Where’s Berkeley Springs, West Virginia?
Many years ago, I worked for the Morgan County Schools which included Berkeley Springs, Great Cacapon, and Paw Paw, West Virginia for a short time. My career there as their Speech Pathologist didn’t work out, but I loved the area.
So, it wasn’t surprising when I decided to include it in my book, PURSUED. I wanted an area that was rural but still not too far from Washington DC—since one of my characters works for the government in an agency that will remain nameless. (I could tell you, but then I’d have to kill you—read the book if that confuses you.)
Berkeley Springs and surrounding area has it all—history, natural beauty, warm mineral springs, good neighbors, communes when I lived there in the 70s, near Washington, DC, and a castle!
Yes, that’s what I said. Berkeley Springs has a castle. Built of local stone, the castle has 13 rooms plus a basement dungeon. The original owner known as Queen Rosa was evicted from it in the 1920s. Queen Rosa was known for her extravagance and outrageous parties—which certainly contributed to her eviction.

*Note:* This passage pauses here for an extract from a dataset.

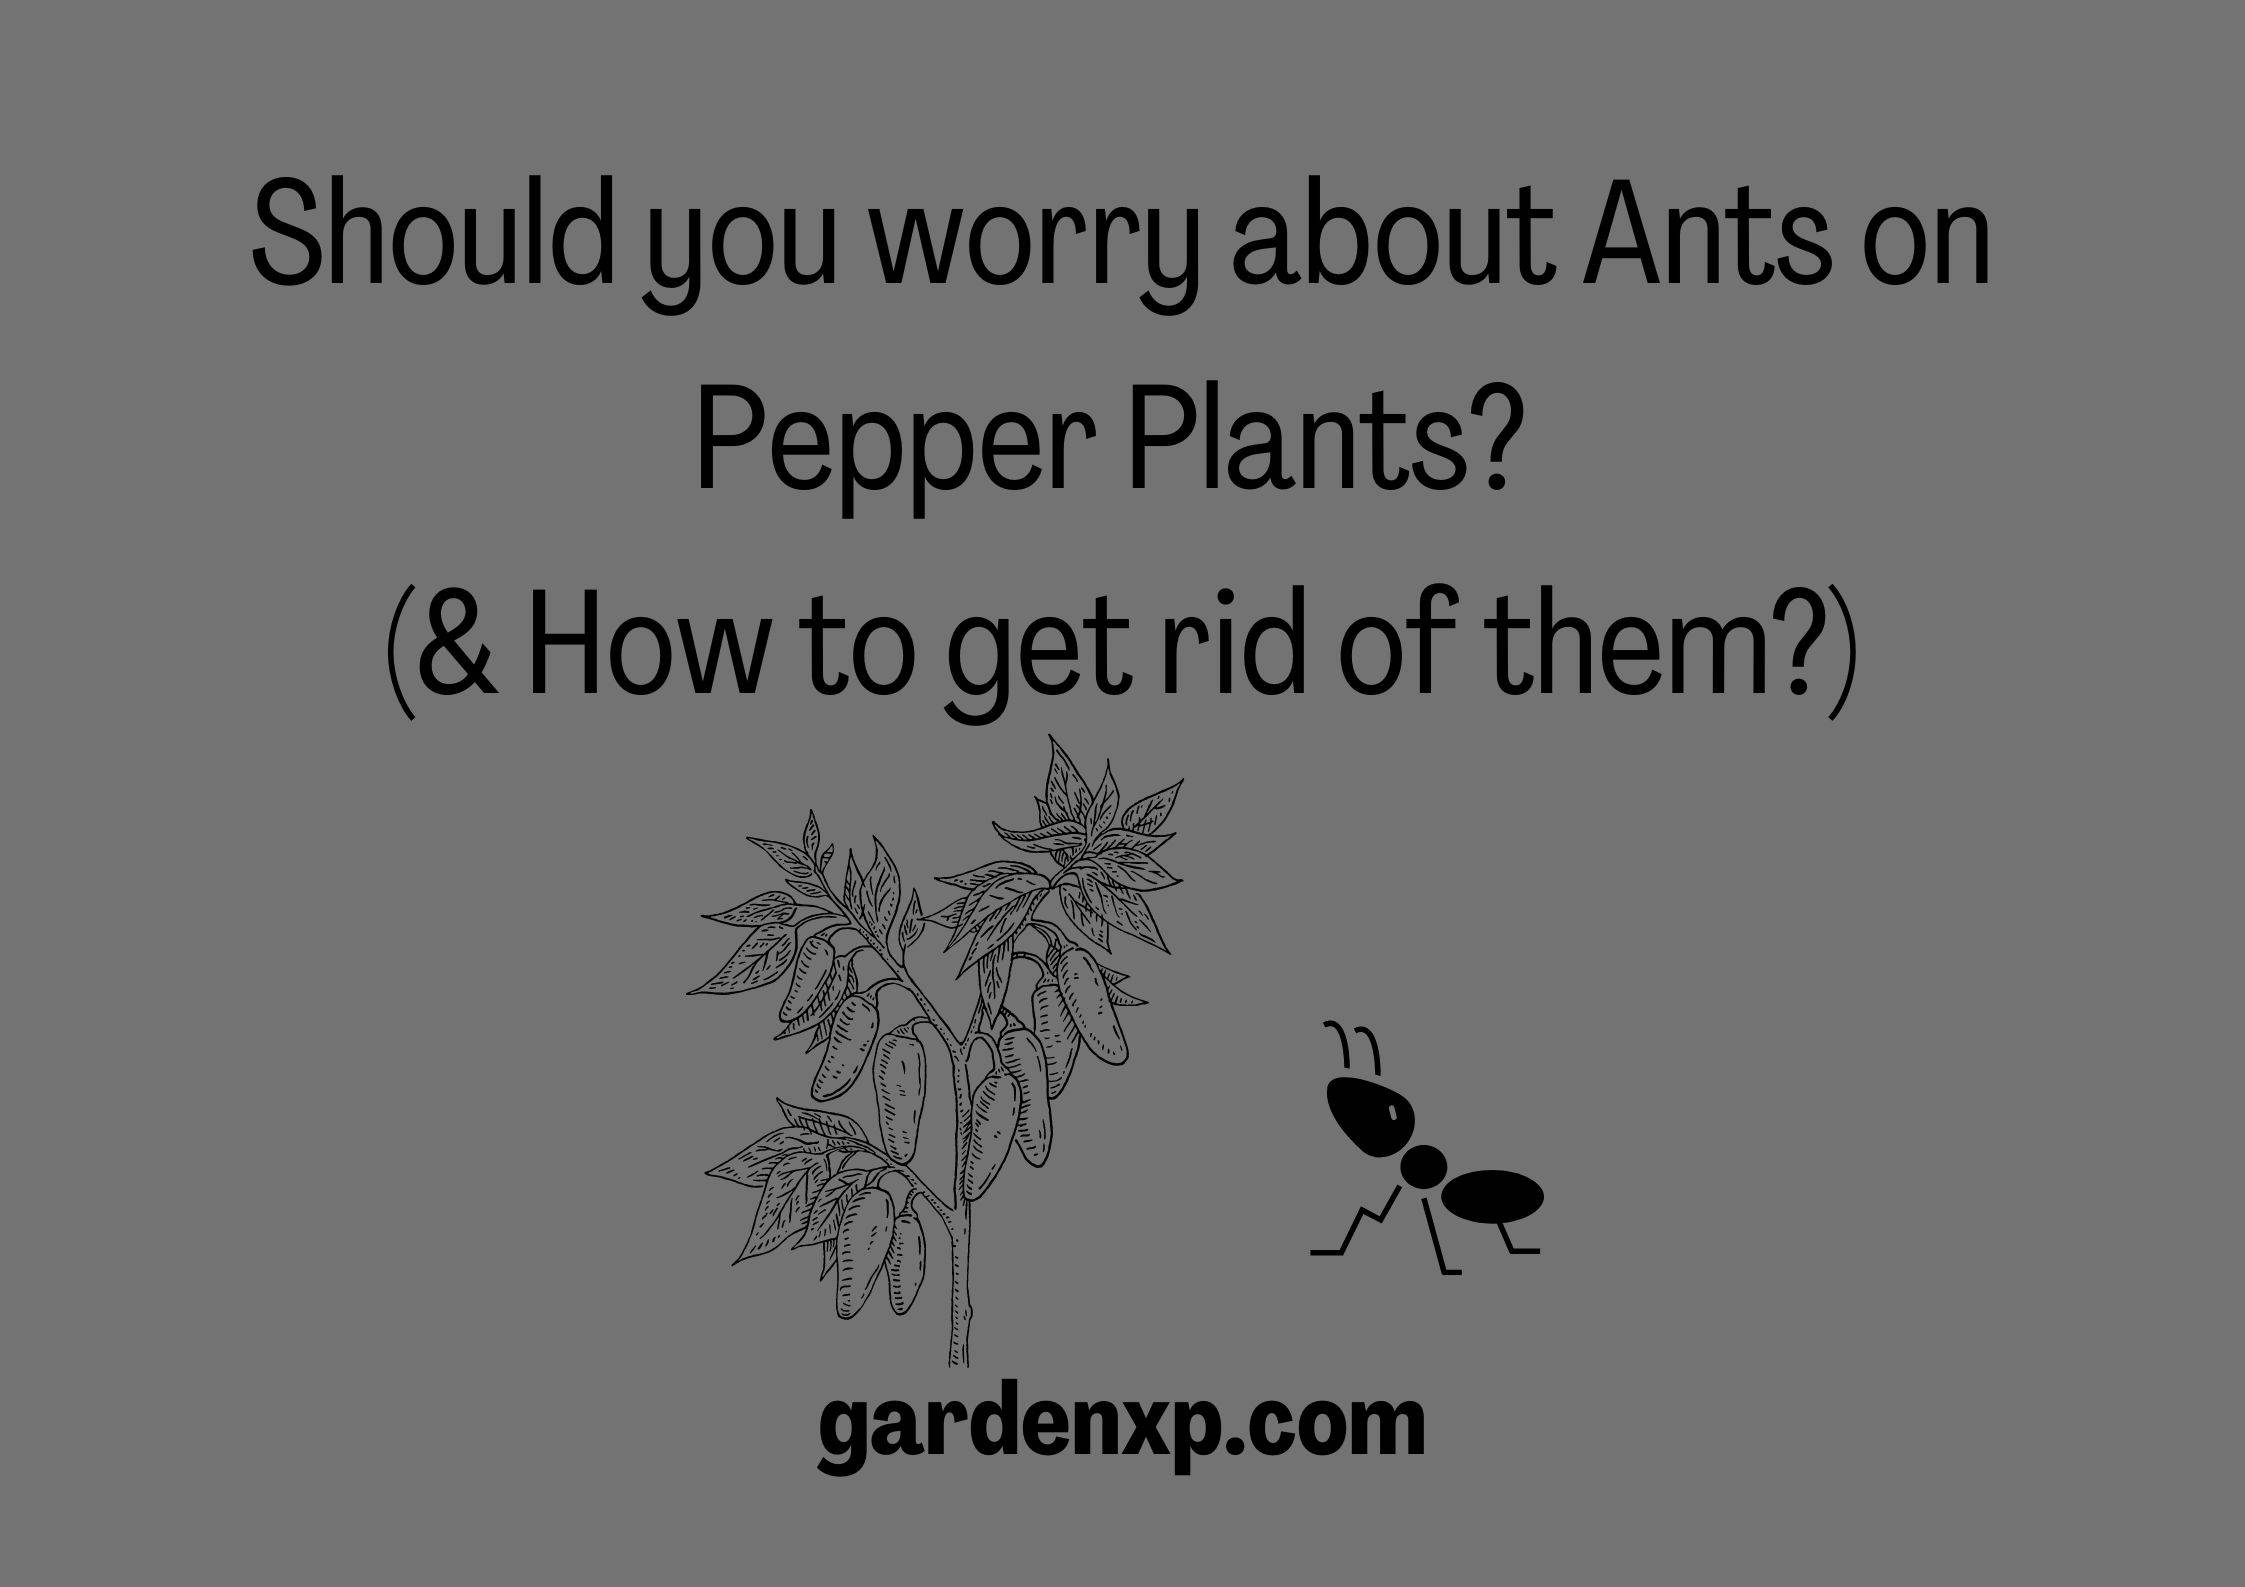 Should you worry about Ants on Pepper Plants? (& How to get rid of them?)
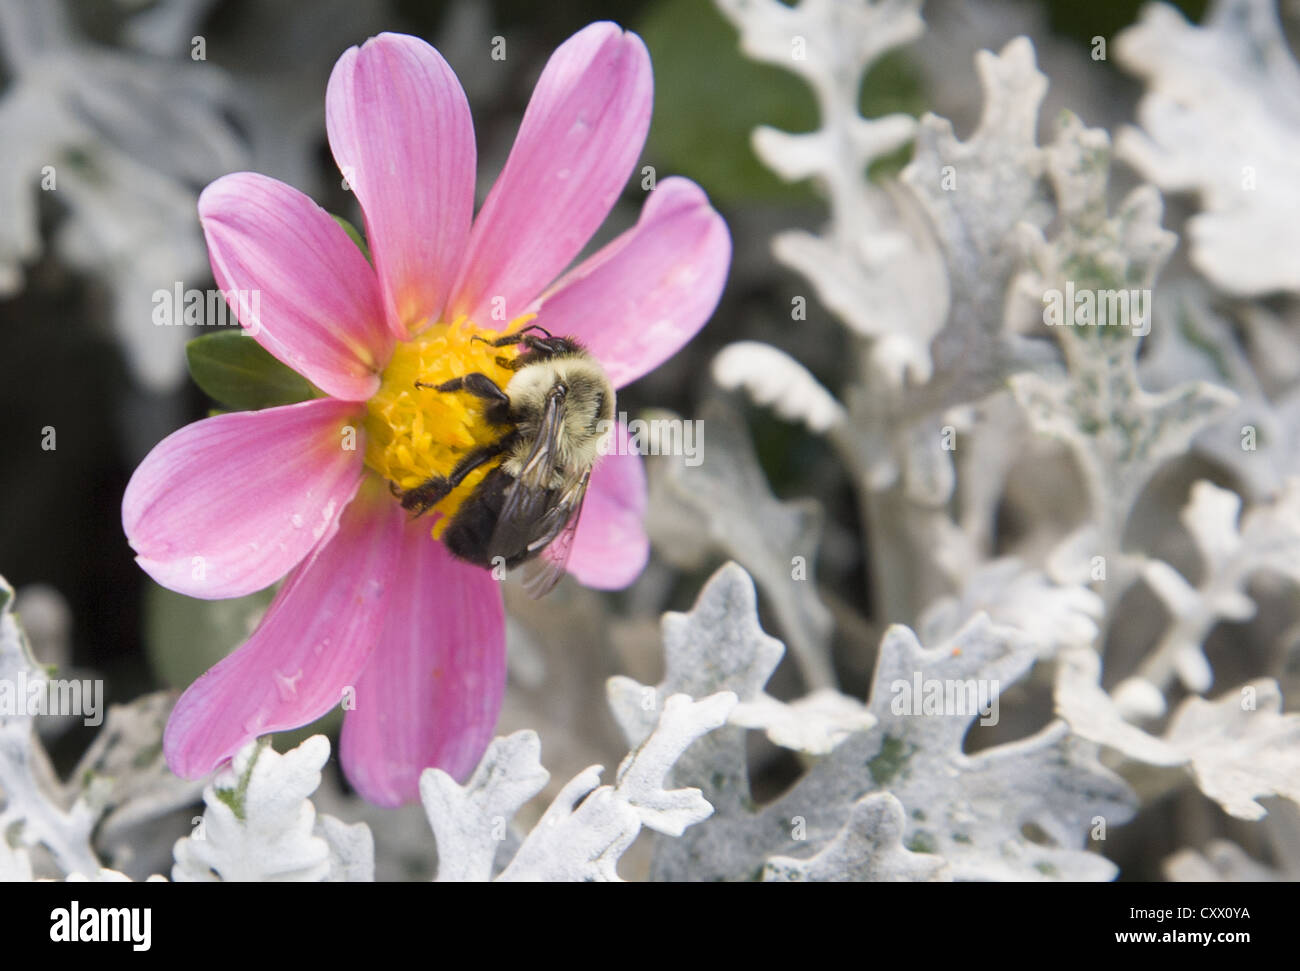 Bumble Bee gathers nectar to make honey from a Dahlia flower at the Brooklyn Botanic Garden. Stock Photo

But the area has much more than castles to boast about. Some of the most famous warm mineral springs in the country are located there. And in fact, the original name of the town was Bath, the name given by George Washington and his cronies when they formed a town around the springs in 1776 (according to Berkeley Springs’ website).
But Berkeley Springs isn’t the only party in the county, so to speak. Take route 9 and you’ll end up at Great Cacapon located on Cacapon Mountain. National Geographic lists it as one of the top 5 panoramic views in the east. Having seen it in the fall, I promise you it is spectacular!
Keep going south on route 9 and you’ll eventually end up in Paw Paw. How can you not love a town called Paw Paw? I once got lost when I was working there and ended up in three different states before I found my way back to civilization.
I’m beginning to wonder why I ever left the area.
And then there’s the Apple Butter Festival.
If you find yourself in the area, defintely spend a day or two. You'll enjoy it.